The famous Google mantra of “Don’t be evil” is not entirely what it seems. Yes, it genuinely expresses a company value and aspiration that is deeply felt by employees. But “Don’t be evil” is mainly another way to empower employees…. Googlers do regularly check their moral compass when making decisions.



As Schmidt implies, “Don’t Be Evil” has never exactly been self-explanatory — or objective. In a 2003 Wired profile titled “Google vs. Evil,” Schmidt elaborated on the motto’s gnomic moral code: “Evil,” he said, “is what Sergey [Brin] says is evil.” Even at that early stage in the company’s life, Brin recognized that the slogan was more portentous for Google itself than for other companies. Google, as gateway to the World Wide Web, was effectively establishing the infrastructure and governing framework of the Internet, granting the company unique power to benefit or harm the public interest. As the author of the Wired article explained, “Governments, religious bodies, businesses, and individuals are all bearing down on the company, forcing Brin to make decisions that have an effect on the entire Internet. ‘Things that would normally be side issues for another company carry the weight of responsibility for us,’ Brin says.”
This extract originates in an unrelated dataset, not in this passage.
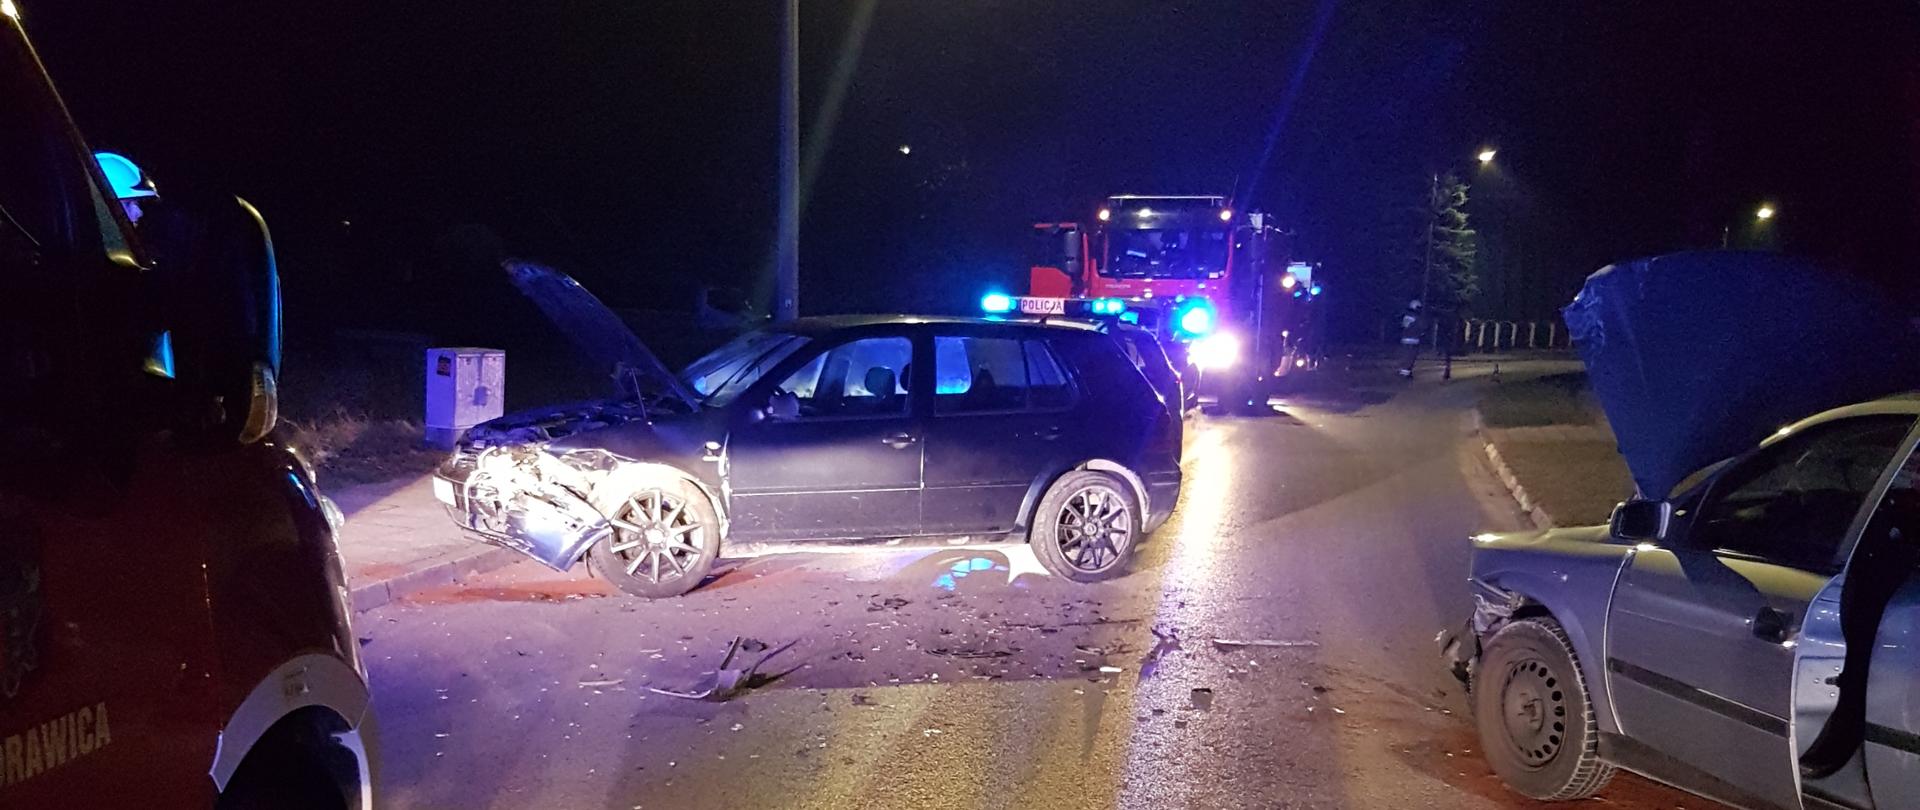 Zdjęcie przedstawia miejsce wypadku - na środku drogi znajdują się rozbite dwa pojazdy: po lewej VW Golf, po prawej Opel Astra. W tle widać samochód pożarniczy.

“Don’t Be Evil” is a catchy slogan. But Google’s self-conception as definer and defender of the public interest is more revealing and weighty. The public focus on the slogan has distracted from the more fundamental values embodied in Google’s mission statement: “to organize the world’s information, making it universally accessible and useful.” On its face, Google’s mission — a clear, practical goal that everyone, it seems, can find laudable — sounds value-neutral, just as its organization of information purportedly is. But one has to ask: Useful for what? And according to whom?


What a Googler Wants


There has always been more to Google’s mission than merely helping people find the information they ask for. In the 2013 update of the Founders Letter, Page described the “search engine of my dreams,” which “provides information without you even having to ask, so no more digging around in your inbox to find the tracking number for a much-needed delivery; it’s already there on your screen.” Or, as Page and Brin describe in the 2005 Founders Letter,



Our search team also works very hard on relevancy — getting you exactly what you want, even when you aren’t sure what you need. For example, when Google believes you really want images, it returns them, even if you didn’t ask (try a query on sunsets).



Page acknowledged in the 2013 letter that “in many ways, we’re a million miles away” from that perfect search engine — “one that gets you just the right information at the exact moment you need it with almost no effort.” In the 2007 Founders Letter, they explain: “To do a perfect job, you would need to understand all the world’s information, and the precise meaning of every query.”